Additive processes, such as 3D printing, can be used to produce nearly any structure, even in the nanoscale. Depending on the “ink” applied, the structures produced fulfill various functions: from hybrid optical chips to bioscaffolds for cell tissue. Within the Cluster of Excellence “3D Matter Made to Order,” researchers of Karlsruhe Institute of Technology (KIT) and the University of Heidelberg plan to raise three-dimensional additive manufacture to the next level. The goal is to develop new technologies for flexible, digital printing of structures from the molecular to the macroscopic scale.

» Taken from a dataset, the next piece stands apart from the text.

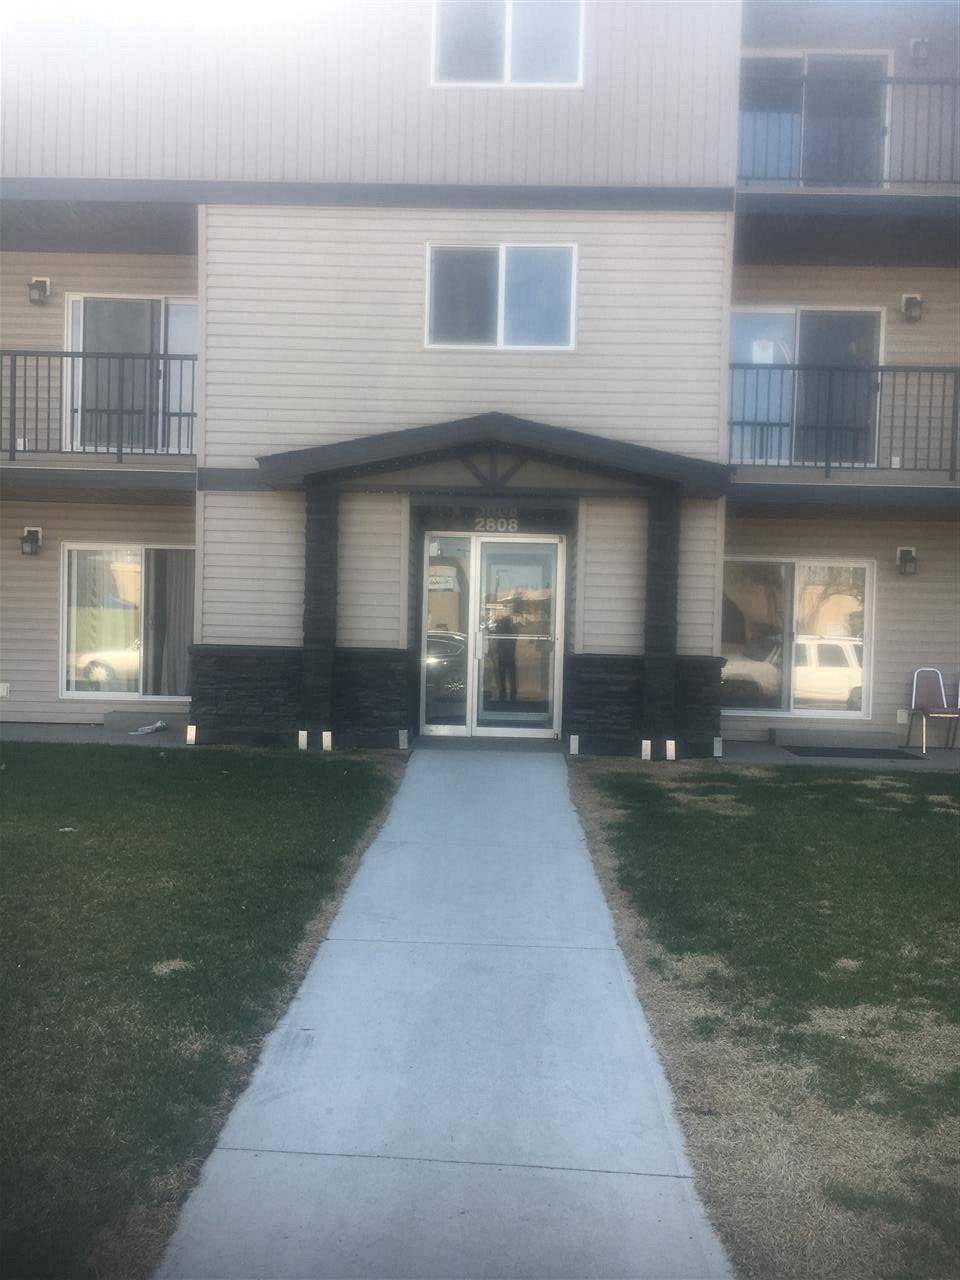 6A 2808 116 Street, 2 bed, 1 bath, at $124,900

“3D printing opens up big opportunities in the micro- and nanoscale in particular. But the challenges to make these options accessible are equally big,” says Martin Wegener, Professor of the Institute of Applied Physics and Director of the Institute of Nanotechnology of KIT as well as spokesperson of the Cluster of Excellence “3D Matter Made to Order” (3DMM2O). Technologies and processes are needed to quickly produce smallest structures of highest quality based on digital construction data. “This is the point of departure of our cluster. We plan to completely digitize 3D manufacture and materials processing from the molecule to the macrostructure and to develop new fabrication technologies for concrete applications.”
“This will only be possible with new inks and photoresists developed by chemists. For application in biology, for instance, we need materials that are degradable under physiological conditions at the push of the button, so to speak. And we need conductive materials that can be printed in three dimensions with nanometer precision,” says Uwe Bunz, Professor of Organic Chemistry at Heidelberg University, member of the Centre for Advanced Materials (CAM; www.cam.uni-heidelberg.de) there and spokesman of 3DMM2O.

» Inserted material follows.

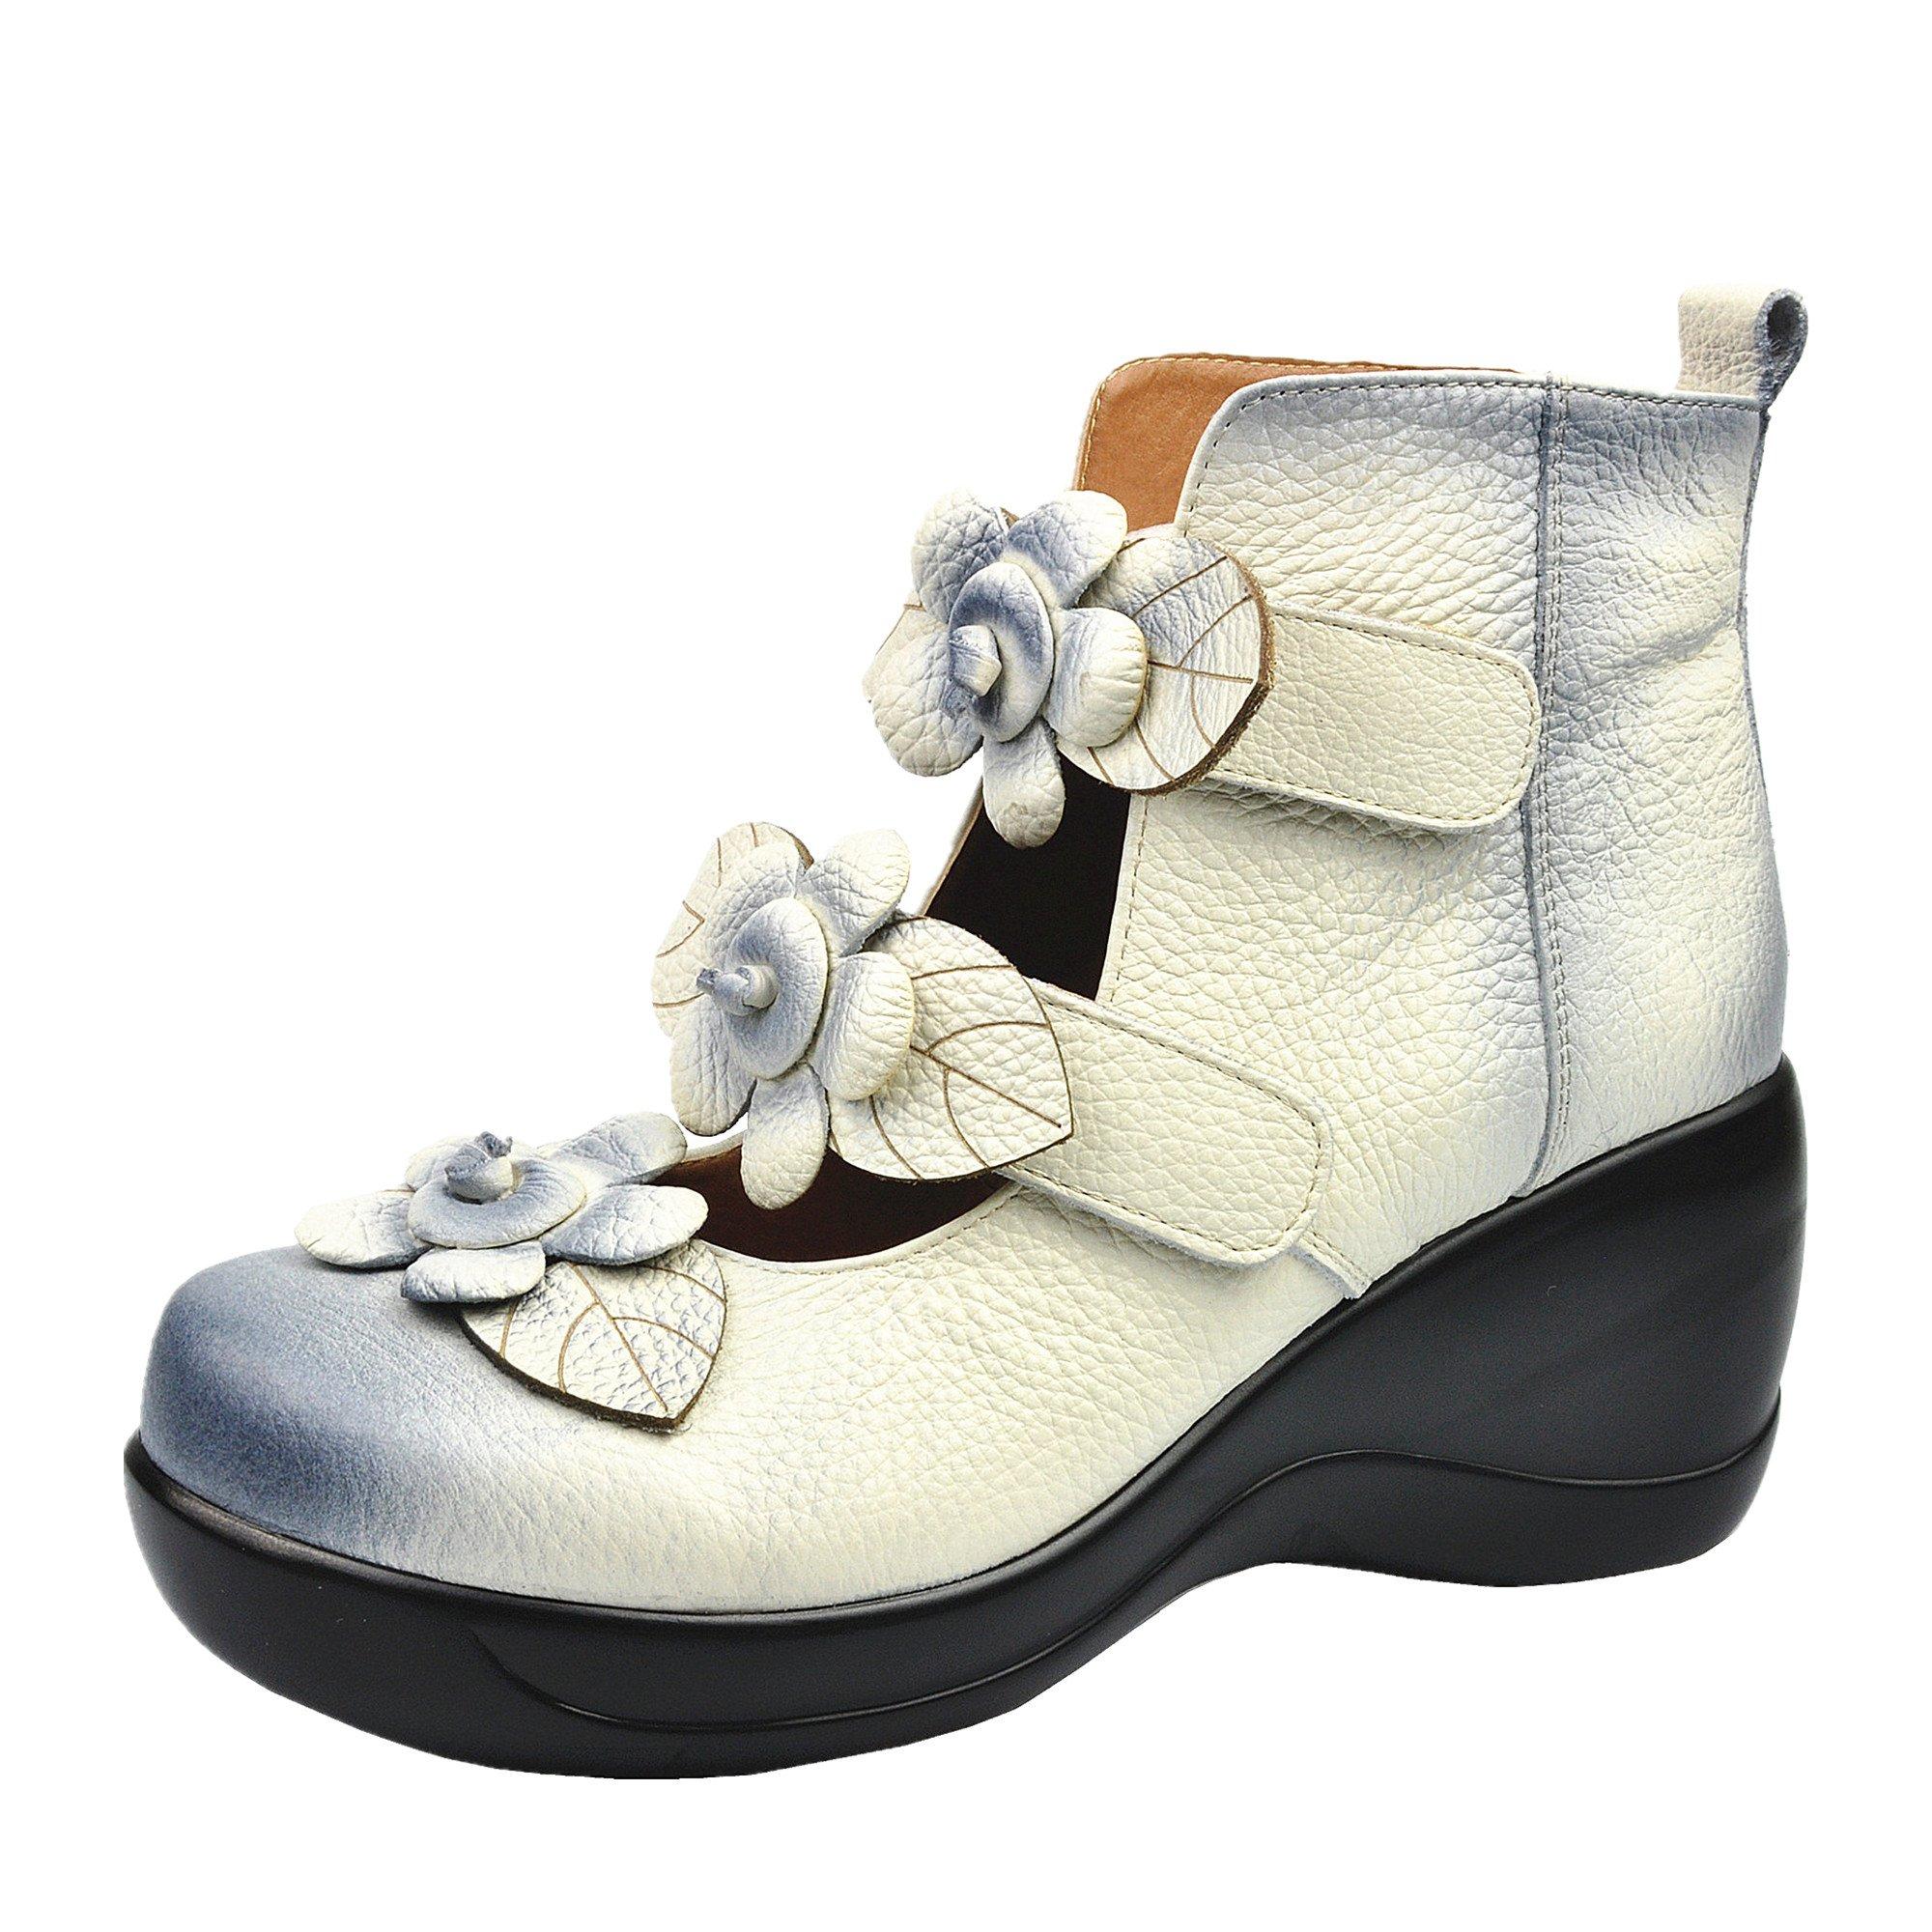 CUNZHAI Women's Unique Handmade Leather Casual Travel Soft Bottom Boot White 7.5

New Approaches to Digital 3D Printing
They are to be finer, faster, and more diverse: additive processes and technologies enabling applications in materials research and life sciences. To reach this goal, natural scientists and engineers work along three interconnected lines: in the area of “Technologies,” novel tools will be developed to produce structures down to 10 nm. The new tools are to enable faster and more precise printing with different inks and photoresists developed in the area of “Molecular Materials.” Customized artificial materials are to have a wide spectrum of properties and can be combined. The area of “Applications” will cover applied research. Here, the focus lies on optics and photonics, materials sciences, and life sciences. The printed 3D structures are to improve the performance of optical chips in information processing or to be used in artificial retinas.
“Our approach is to translate digital information into customized, functional materials, devices, and systems,” Wegener says. The long-term objective of 3DMM2O consists in building a type of desktop printer that does not need too much space or special conditions, such as a big production hall, vacuum or certain temperatures.” We want to open up so far inaccessible scientific applications for use at home and to enable 3D printing at the push of a button,” Wegener says.
3DMM2O won the approval of the German Research Foundation (DFG) in the funding line “Cluster of Excellence” in 2018. The total annual amount of funding available in this line is about EUR 385 million. In addition, Carl Zeiss Foundation will fund the cluster with EUR 8 million for a period of six years. These funds will be spent for a scholarship program for doctoral researchers, a new professorship at CAM, a new user laboratory at KIT, and an accompanying “Vision Assessment” study of social and ethical implications of 3DMM2O.
HEiKA Graduate School “Functional Materials”
A central element of the cluster is the HEiKA Graduate School “Functional Materials.” HEiKA stands for the Heidelberg Karlsruhe Strategic Partnership that covers all joint bilateral activities of KIT and Heidelberg University. The Graduate School integrates master’s and doctoral students into the highly interdisciplinary research area. Here, a broad module program plays an important role. Every year, Carl Zeiss Foundation will fund up to four master students who intend to gain a doctorate in the area of 3DMM2O. In addition, the Foundation will support up to 20 doctoral students writing their theses in the areas covered by the cluster.
Customized Mix of Materials and Movable Microstructures: Examples of Research within the 3DMM2O Cluster
Researchers of KIT and Carl Zeiss AG have developed a system for additive manufacture of multi-colored, fluorescent security features in three dimensions. These can be used to protect banknotes, passports, and branded products against counterfeiting. The basis is 3D laser lithography, in which a laser beam is passed through a liquid photoresist and hardens the material at the focal point of the laser beam only. Scientists integrated a self-developed microfluidic chamber into the lithography device for printing with a variety of materials. Now, a single device can print three-dimensional micro- and nanostructures from several materials in a single process step.
Direct laser writing can be used today already to produce precise structures on the microscale. For many applications in biomedicine, however, it would be advantageous if the printed objects were not rigid but movable systems that can be switched after 3D printing. Researchers of KIT have now been able to produce three-dimensional structures from hydrogels that change shape under the influence of temperature or light. The 3D structures produced in this way are functional in aqueous environments and thus ideal for applications in biology and biomedicine.